UK and US develop new global guidelines for AI Security
New guidelines for secure AI system development will help developers of any systems that use AI make informed cyber security decisions at every stage of the development process. Agencies from 18 countries, including the US, endorse new UK developed guidelines on AI cyber security. Guidelines for Secure AI System Development, led by GCHQ’s National Cyber Security Centre and developed with US’s Cybersecurity and Infrastructure Security Agency, build on AI Safety Summit to establish global collaboration on AI. In testament to the UK’s leadership in AI safety, agencies from 17 other countries have confirmed they will endorse and co-seal the new guidelines. The guidelines aim to raise the cyber security levels of artificial intelligence and help ensure that it is designed, developed, and deployed securely.

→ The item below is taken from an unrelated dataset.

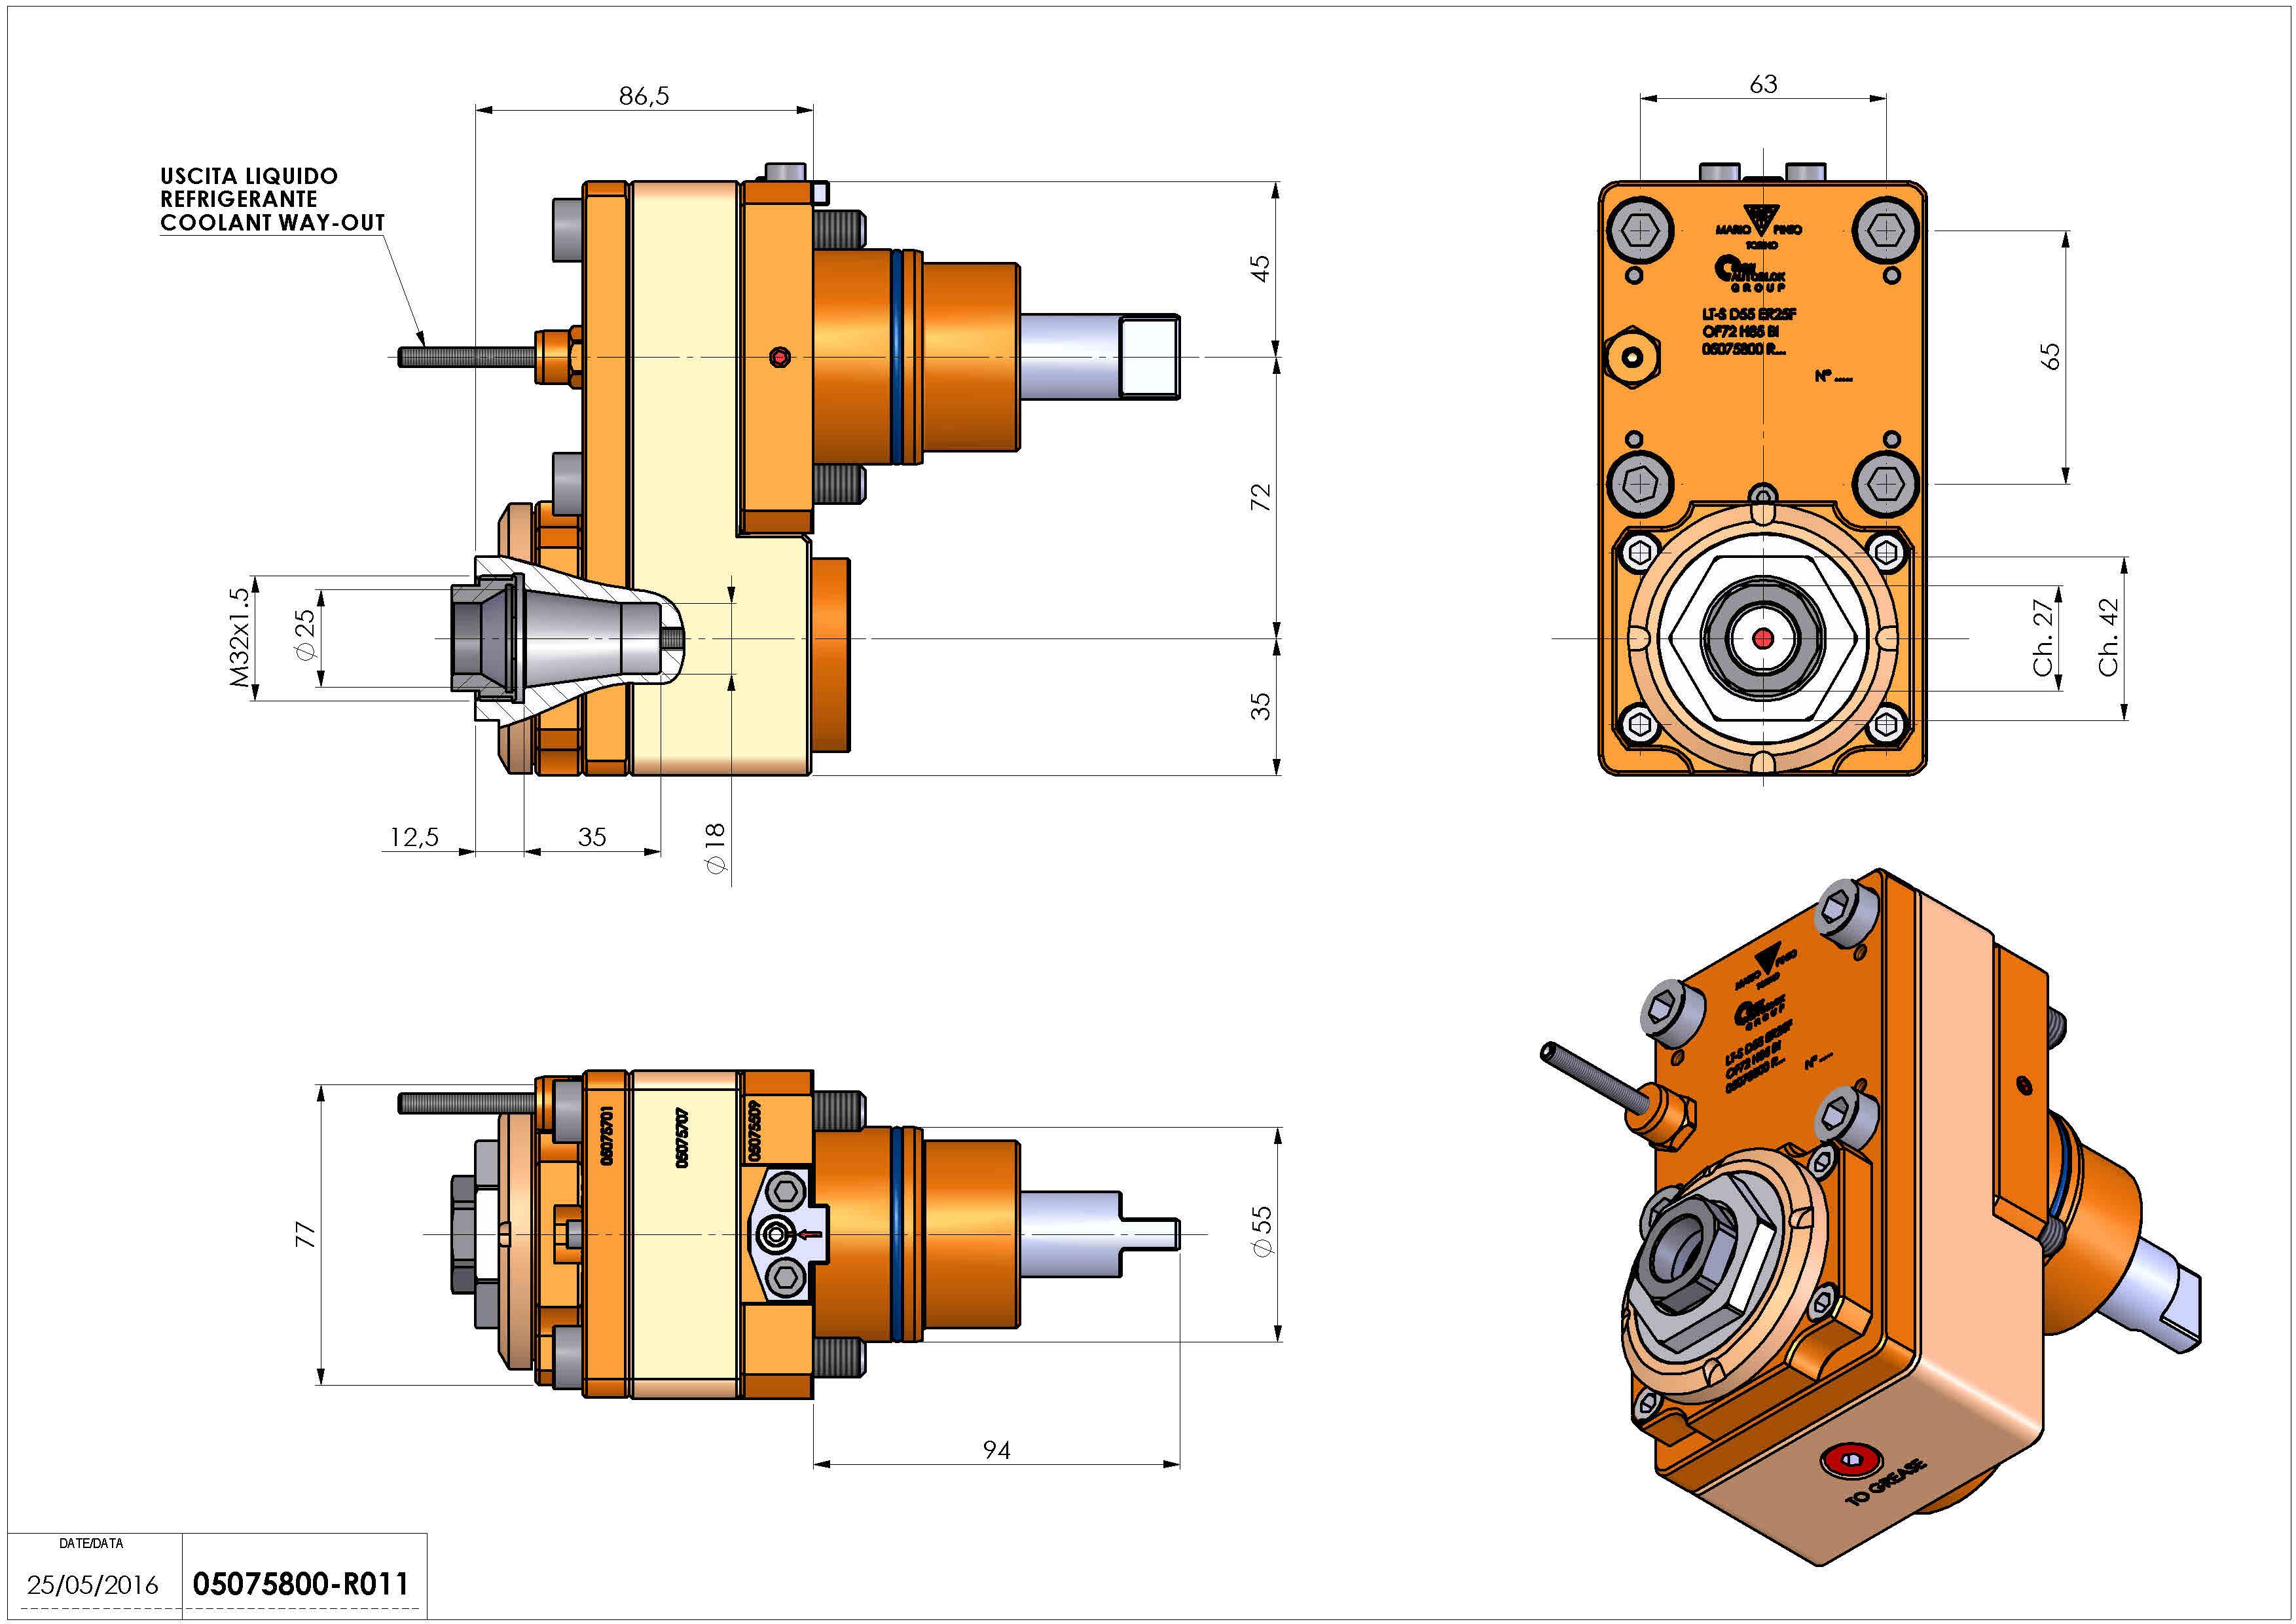 Technical image - LT-S D55 ER25F OF72 H86 BI.

The new UK led guidelines are the first of their kind to be agreed globally. They will help developers of any systems that use AI make informed cyber security decisions at every stage of the development process, whether those systems have been created from scratch or built on top of tools and service provided by others. The guidelines help developers ensure that cyber security is both an essential pre-condition of AI system safety and integral to the development process from the outset and throughout, known as a ‘secure by design’ approach. The guidelines are broken down into four key areas – secure design, secure development, secure deployment, and secure operation and maintenance, complete with suggested behaviours to help improve security. The product will be officially launched this afternoon at an event hosted by the NCSC, at which 100 key industry, government and international partners will gather for a panel discussion on the shared challenge of securing AI. Panellists include Microsoft, the Alan Turing Institute and UK, American, Canadian, and German cyber security agencies. These guidelines are intended as a global, multi-stakeholder effort to address that issue, building on the UK Government’s AI Safety Summit’s legacy of sustained international cooperation on AI risks.